Lactulose is the only prebiotic included in the European Pharmacopoeia 4.0 (2001).
Lactulose is hydrolyzed mainly by bifidobacteria and lactobacilli, for which it serves as a nutrient substrate, leading to their growth. The enhancement of bifidobacteria growth under the influence of lactulose was proven in a study conducted by Bouchnic Y. [24], who demonstrated that lactulose potentiates the positive effects of probiotic lacto- and bifidobacteria, normalizes the balance, and restores the functions of the microflora [25].
Based on this potentiating combination, biologically active additives and medicinal products classified as synbiotics are formed.
The prebiotic effects of lactulose can influence the immune system both directly and indirectly – as a result of intestinal fermentation and supporting the growth of specific members of the digestive tract biocenosis.
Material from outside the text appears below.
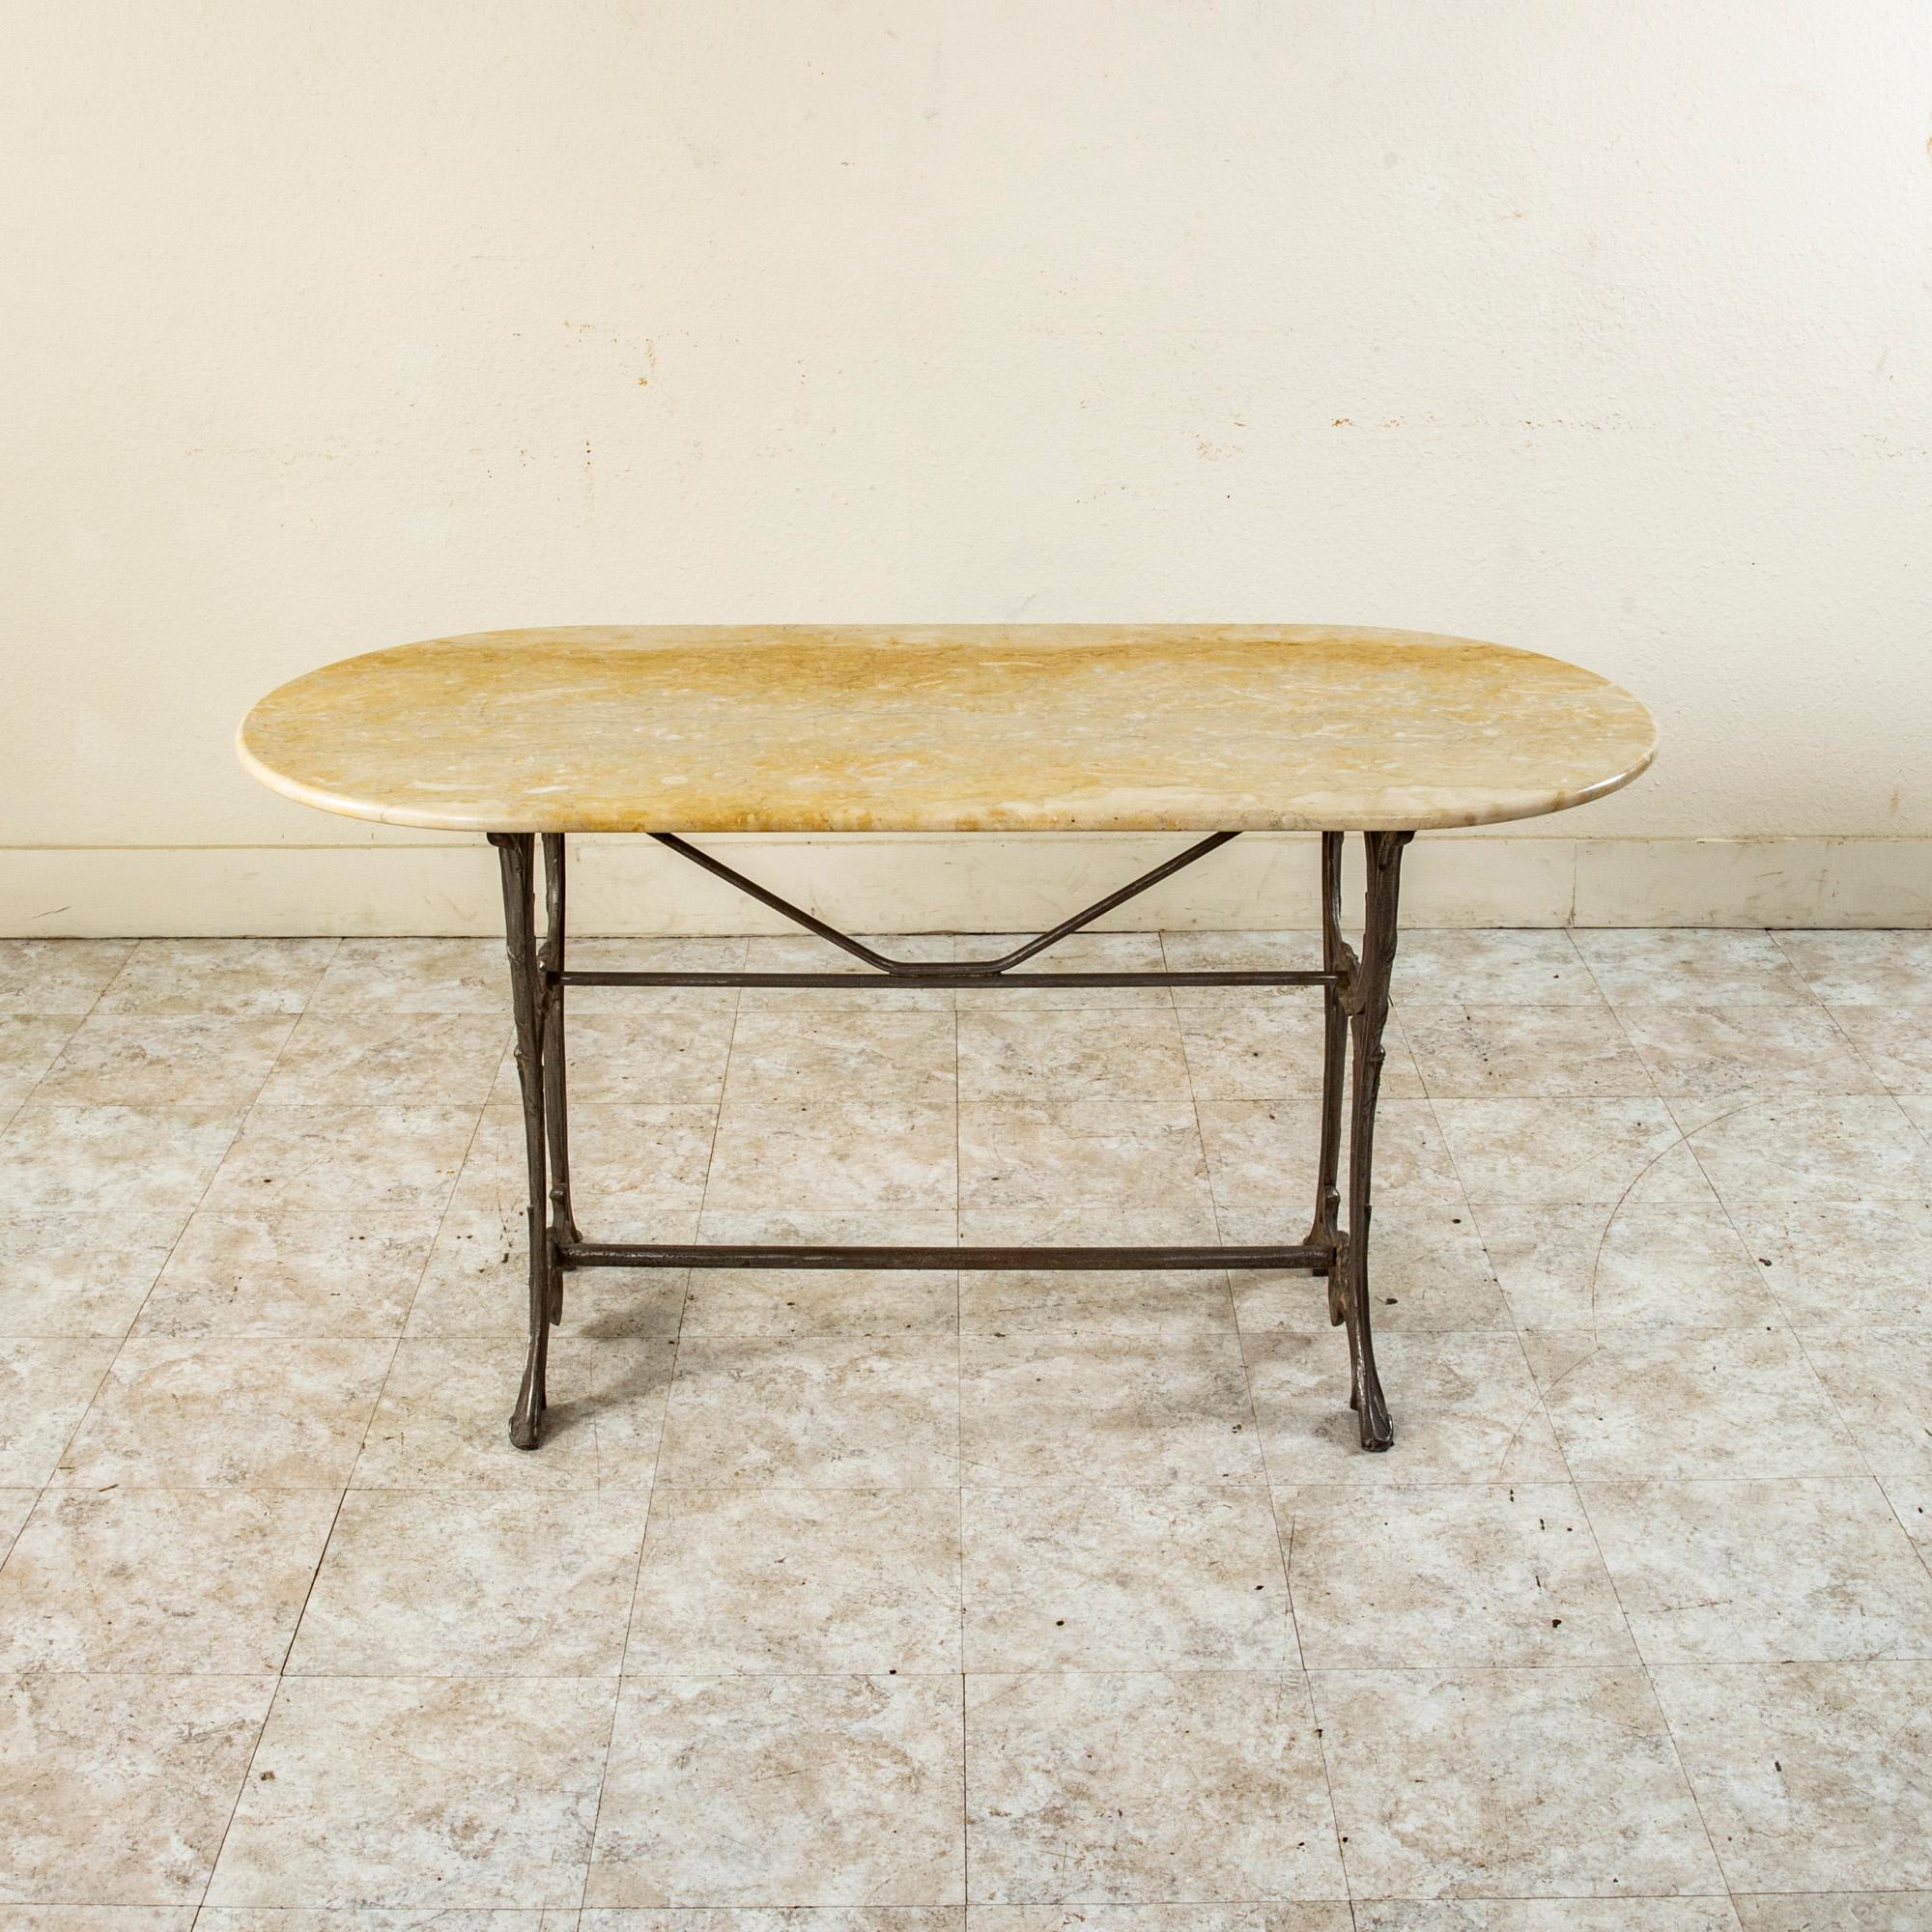 This French Art Nouveau Period iron bistro table from the turn of the twentieth century features an oval marble top. The base of the table is detailed with classic Art Nouveau scrolling leaves and shells. The legs are joined by two stretchers. The

By supporting intestinal microecology, lactulose stimulates innate immunity through the growth of normal intestinal microflora and helps maintain the macroorganism's anti-infective defense.
According to a study by S.I. Titova and N.G. Goncharova, the use of a lactulose preparation in combination with metronidazole for treating bacterial vaginosis had a more pronounced effect compared to metronidazole monotherapy. A comparative randomized study included 50 women diagnosed with bacterial vaginosis aged 18 to 45 years. It was shown that including lactulose in the therapy increases the number of lactobacilli in the vagina, more radically suppresses the growth of opportunistic flora, and avoids the clinical and microbiological changes in the gastrointestinal tract that develop while taking metronidazole [3]. A study by V.V. Kaminsky et al. on 68 women of reproductive age diagnosed with bacterial vaginosis showed that adding a lactulose preparation to standard therapy ensures a high level of clinical and microbiological recovery and reduces the percentage of recurrences based on microbiological indicators [4].
Conclusions
Lactulose in the innovative anhydro form contains 97–99% pure lactulose, with the total amount of impurities not exceeding 3%. Anhydro lactulose stimulates the growth and vital activity of the body's own beneficial microflora, serving as an ideal substrate and energy source for the bifidobacteria and lactobacilli that form its foundation. By supporting intestinal microecology, anhydro lactulose also stimulates the body's own immunity.
In terms of antimicrobial activity, eco-antibiotics are bioequivalent to traditional antibiotics, while significantly surpassing them in safety.
The inclusion of eco-antibiotics in the daily practice of gynecologists opens up new possibilities for antibacterial therapy of urogenital tract infections and correction of vaginal dysbiosis.
As obstetrician-gynecologists, we are interested in the prospect of studying eco-antibiotics for treating dysbiotic conditions in women of various ages and their inclusion in the complex of preconception preparation for patients at high infectious risk.